### PROVIDED DATA

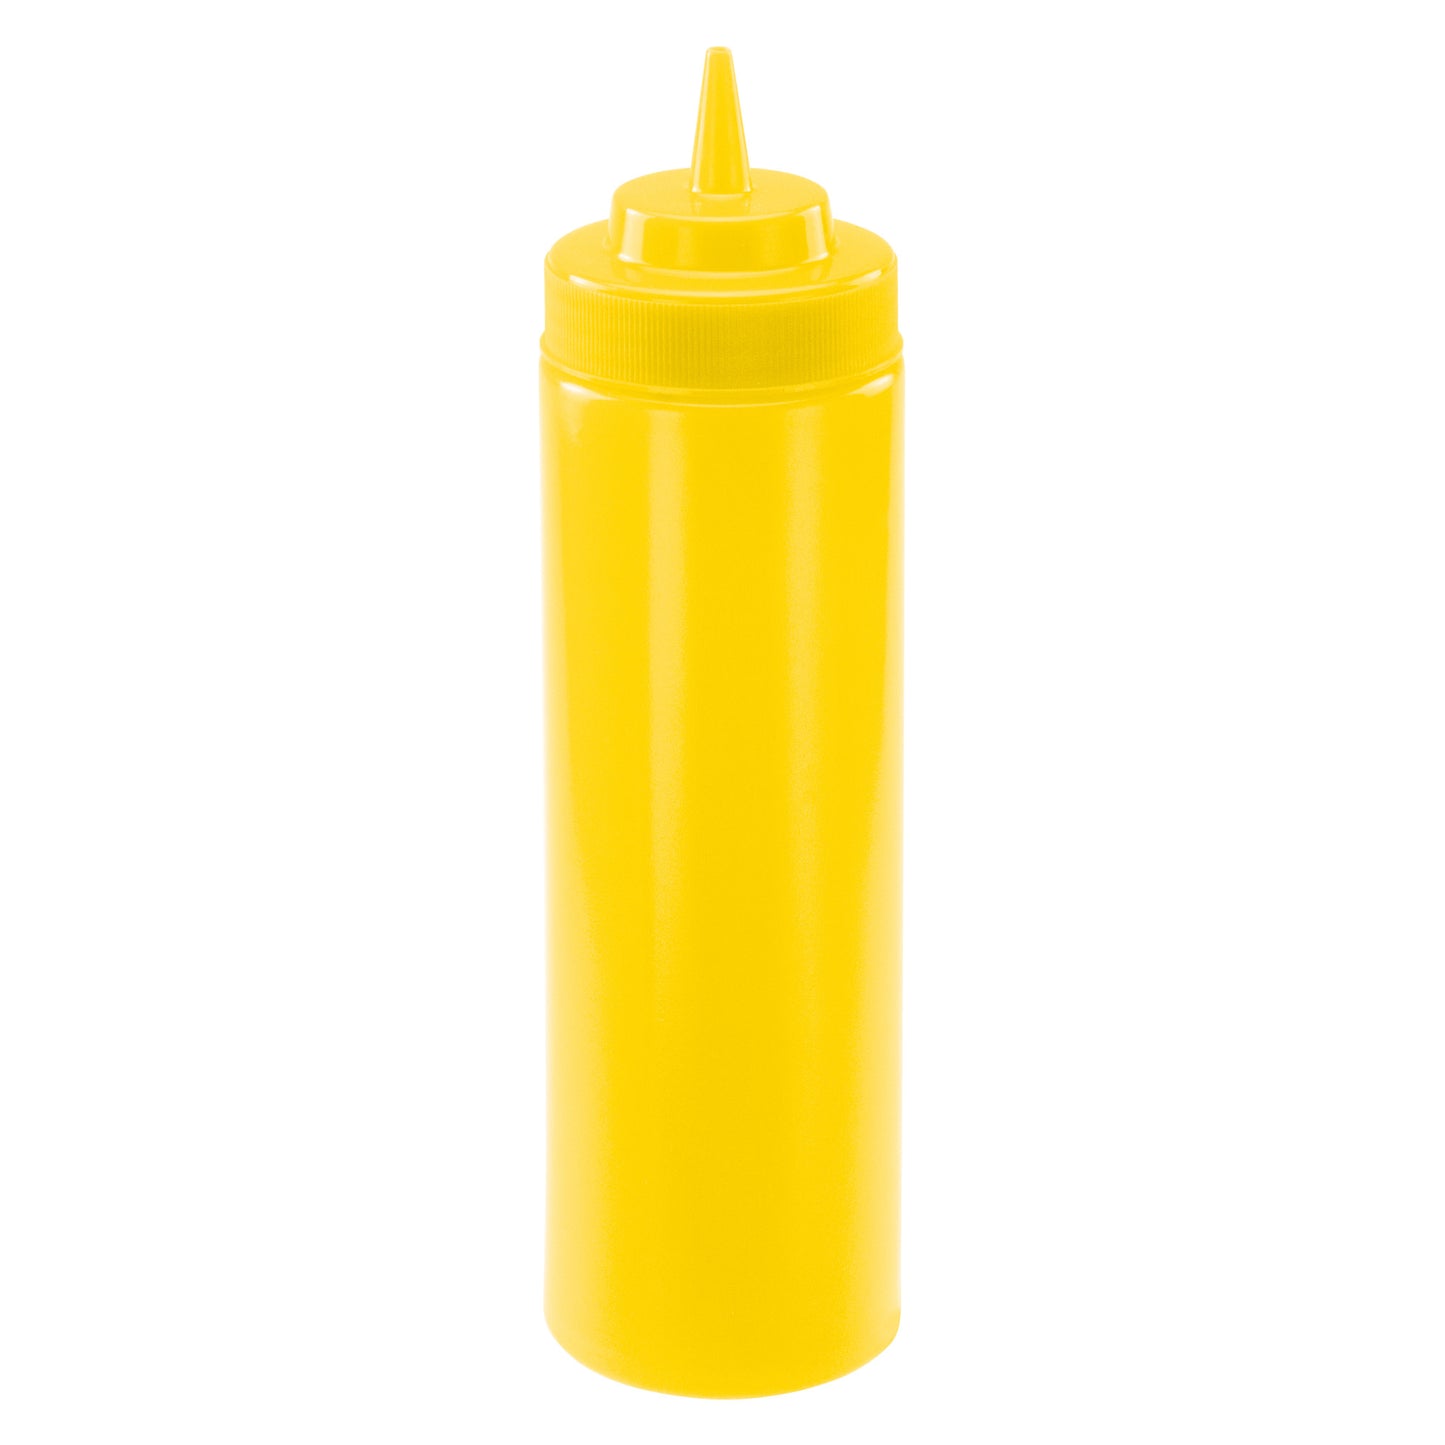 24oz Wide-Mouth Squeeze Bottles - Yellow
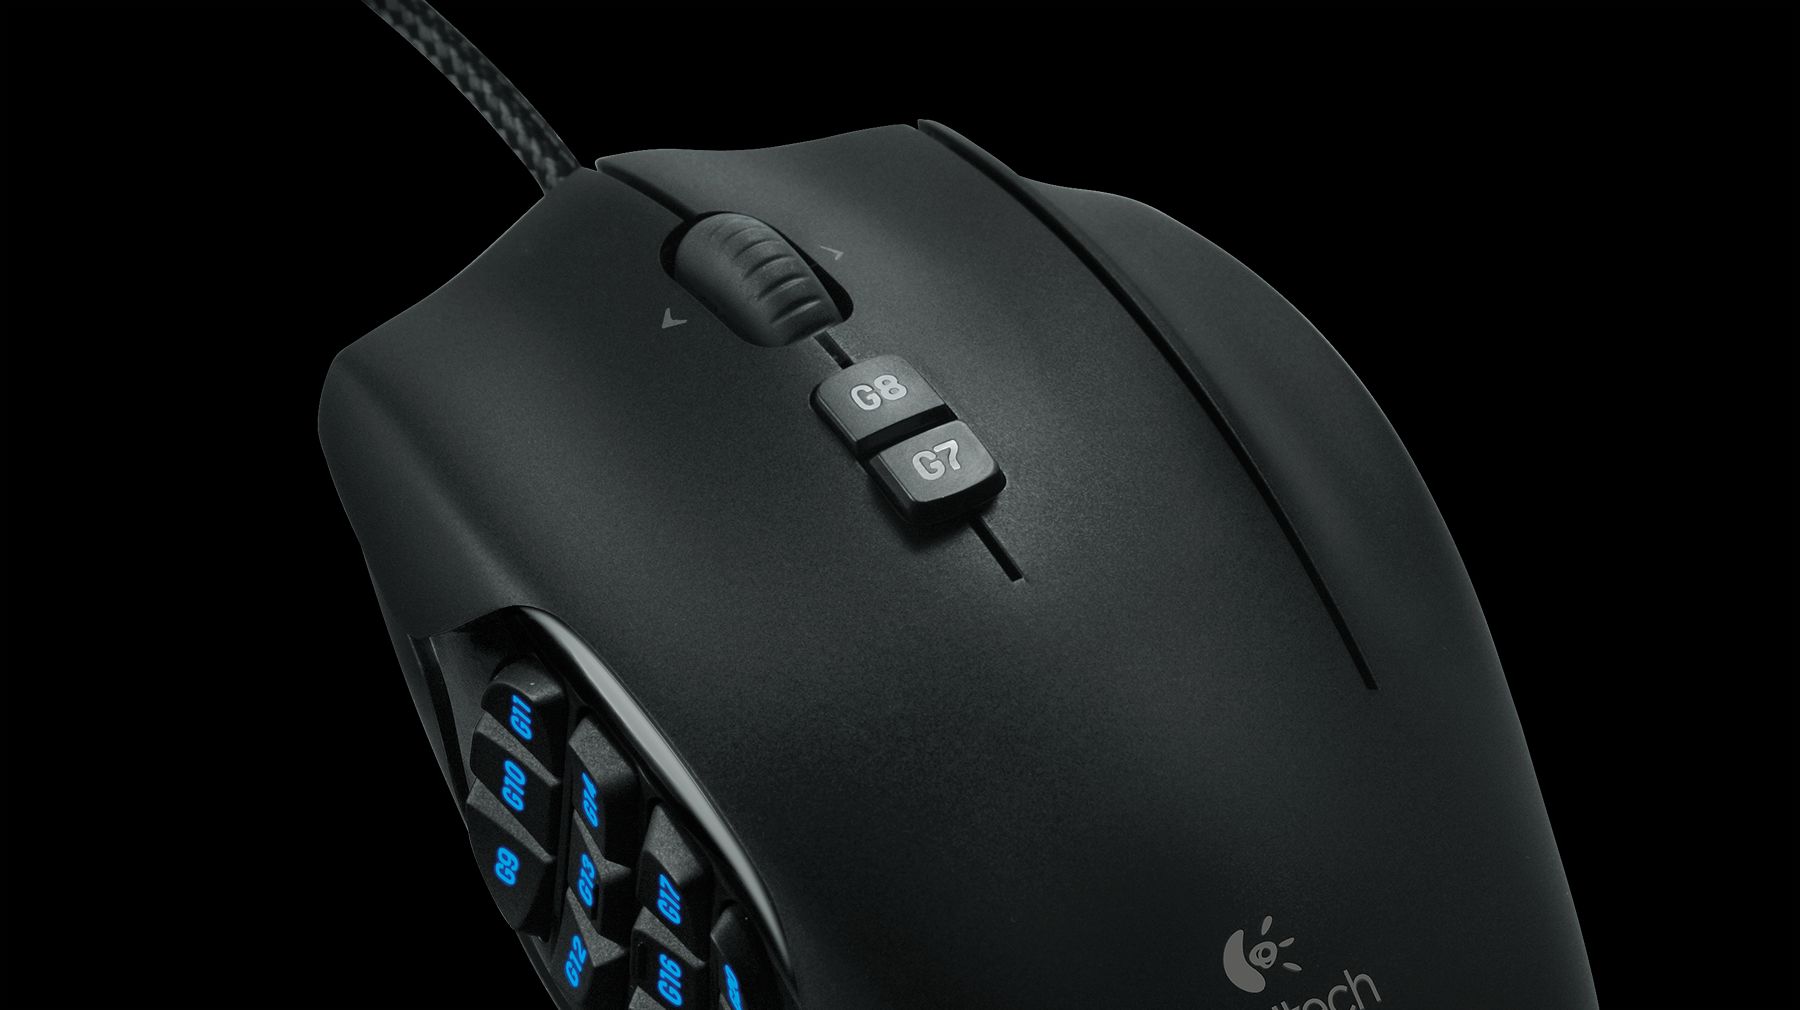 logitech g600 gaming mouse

######
### PROVIDED DATA

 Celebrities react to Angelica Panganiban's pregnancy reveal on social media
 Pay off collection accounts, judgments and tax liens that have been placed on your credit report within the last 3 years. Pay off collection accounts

######

● **ABOUT THIS TASK**
Set the pictures aside and retype exactly the lines above from the line with "24oz Wide-Mouth Squeeze Bottles - Yellow" to the line with "logitech g600 gaming mouse", both included, adding no others.

● **THE COMPLETED TASK**
 24oz Wide-Mouth Squeeze Bottles - Yellow
 logitech g600 gaming mouse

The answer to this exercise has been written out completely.